Joseph Conrad (1857-1924)
At a company station Marlow hears mentioned the name of Mr. Kurtz, presumed the best agent of the Company, who has set up his encampment in the very heart of ivory country. Marlow’s attempts to take a boat of his own up the river are blocked by the mysterious sabotaging of his vessel, which takes weeks to repair. Marlow learns that Kurtz has been taken ill and that the other ivory agents, who are envious of his success, expect he does not recover. After much impediments, Marlow at last sets off on the final part of his journey up river to Kurtz’s station. The closer he gets to Kurtz the more he is assailed by a sentiment of dread, an emotion intensified by the surroundings forest and its natives, which give Marlow a feeling of travelling back to the earliest beginning of the world.
His ship in attacked by aggressive tribesmen and a member of his crew is killed. Further upriver Marlowe encounters a young Russian sailor whom he discovers is a devoted follower of Kurtz’s teachings. The Russian tells him how Kurtz has become like a god to the natives. As the ship approaches Kurtz’s camp, Marlowe finds the riverbank lined with rows of severed human heads, along with other proof of human sacrifice, all of which tells him that Kurtz has gone beyond the limits of civilisation, that he has vanished his mind.
He attempts to capture Kurtz and take him back, but Kurtz, weakened by his illness, dies on the return journey. His last words are “the horror, the horror”. Kurtz has seen into man’s heart of darkness and the experience has destroyed him. Yet he makes Marlowe promise on his return to tell his girlfriend that the last word he spoke before he died was her name.

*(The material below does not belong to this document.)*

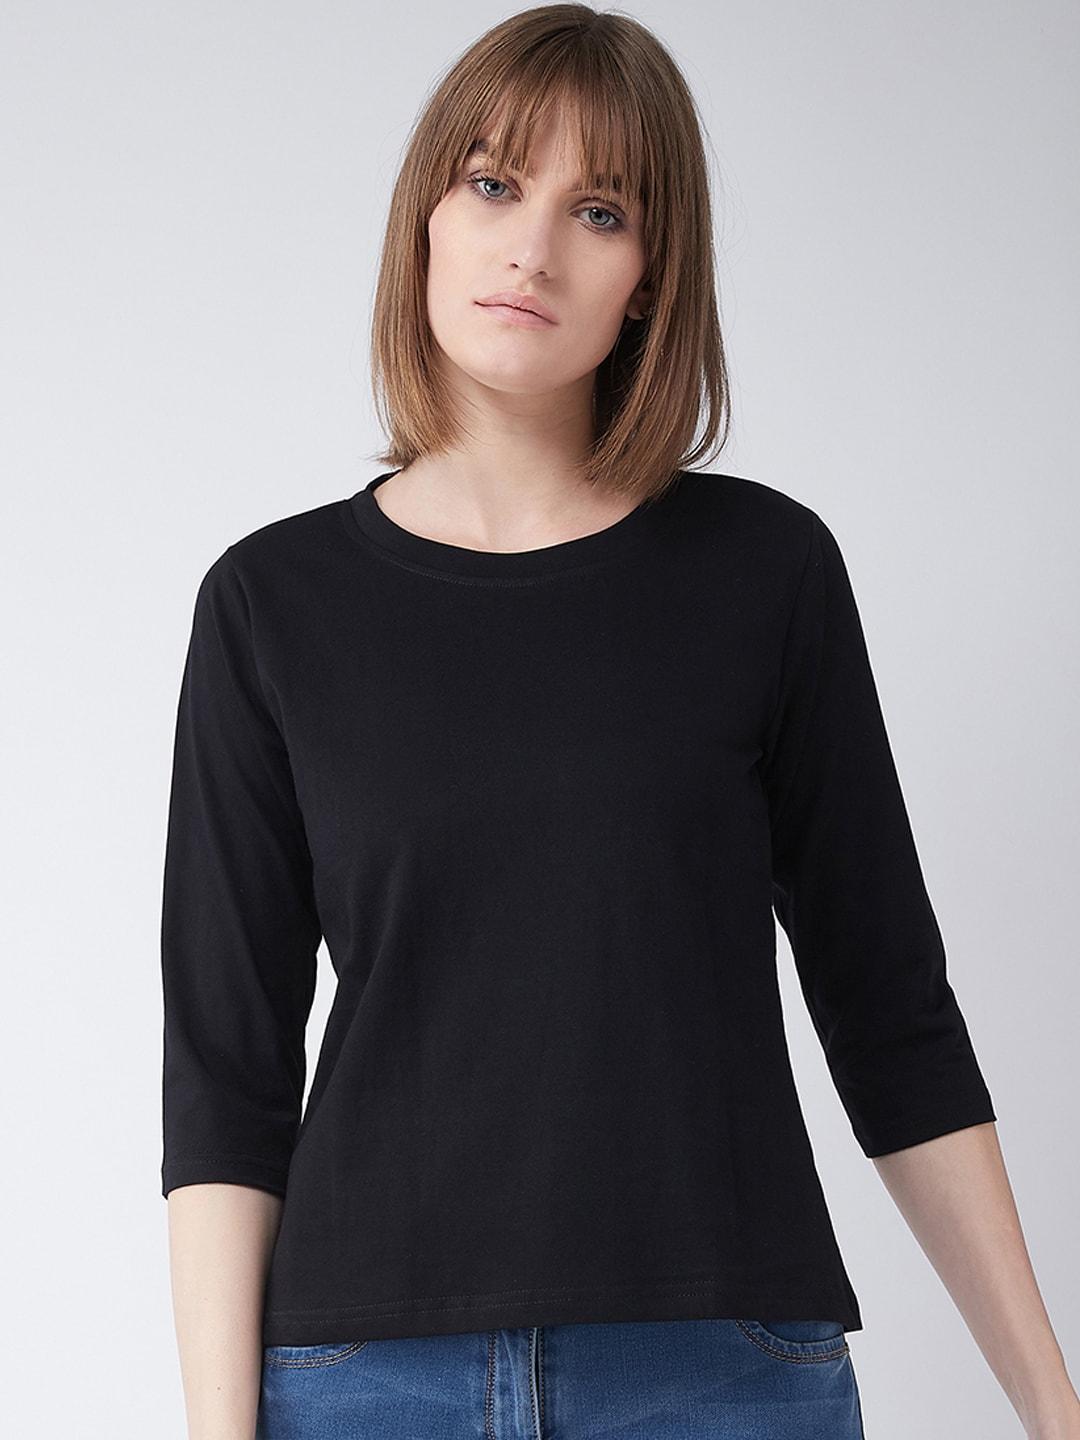 miss-chase-women-black-solid-round-neck-t-shirt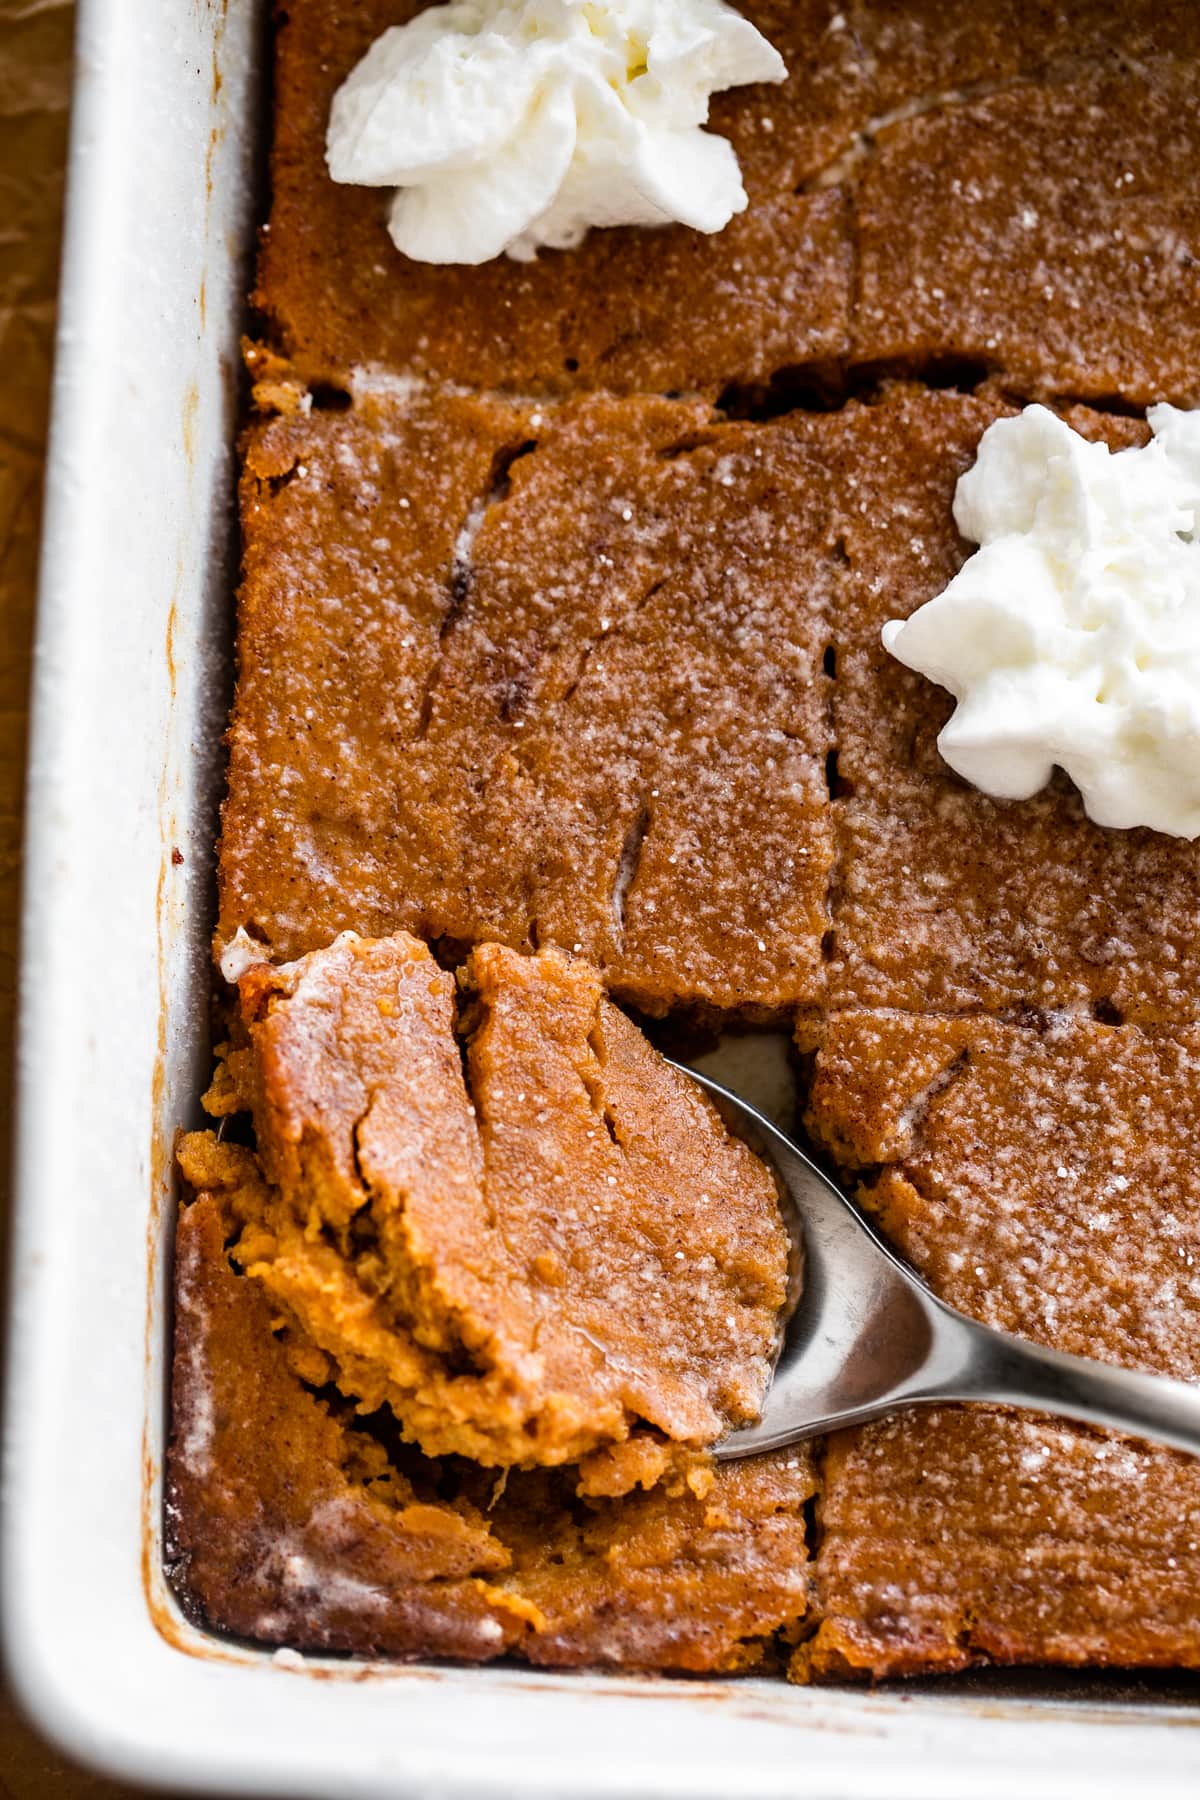 Spooning out Pumpkin Bars with a spoon from a baking dish.

Conrad wrote “Heart of Darkness” in a rich, vivid prose style, with a narrative technique that makes skilful use of breaks in linear chronology. Conrad learned English as an adult and was captivated by the language to the point of deciding to use it to write his texts, fascinated by the richness of its vocabulary in numerous idioms, the force and musicality of the words. Therefore his prose is characterized by a constant awareness that was to become a defining feature of modernism.
Conrad makes frequent use of personification and figurative language which often creates very suggestive atmospheres. His narrative technique too is extremely original. In “Heart of Darkness” we have a first person narrator, who introduces the story to give voice to Marlow, who becomes the actual teller of the story.
Many of his stories draw upon his sea-faring experience and have imperialism as a central theme. Different critics have seen Conrad either as “pro-imperialist” or a “critic of imperialism”. “Heart of Darkness” itself, because of its complexity, has been given widely differing interpretations.
On one hand, it has been interpreted as a story about imperialism and a continuity of imperialism fiction. But, on the other hand, it has also been read a denunciation of the mechanism of empire.
From the very beginning of the text in fact Marlow has to deal with the destructive process of colonialism in Africa, its cruelty and exploitation. His comments may reveal Conrad’s desire to destroy the idealistic view of colonialism which has shared by many of his contemporaries and which was can be summarized as a project of civilizing primitive peoples.
“Heart of Darkness” can therefore be seen as a text which challenges many conventions of imperialist travel writing and adventure fiction of the time, which ideologically supported the growth of the British Empire. We must remember that British imperial activity abroad flourished to the point that Britain ruled one quarter of the world, and adventure fiction contributed to help justify imperialism. It did this by stressing the virtues of the explorer ant the colonialist who was always very brave, strong and fearless. In this way, by justifying intrusion and expansion, colonialism was presented to the readers as a natural and morally acceptable thing.
Marlow, however, is a different type of hero. He is much more ambivalent and problematic than the typical adventure hero. During his journey up the Congo, he has to face difficulties connected with the “dark” environment and the “dark” nature of people, both white and black. His journey is into the “heart of darkness”, namely into exploited yet still untamed Africa, but, at the same time, it is a journey into the darkness of human nature, an “interior journey into human consciousness”.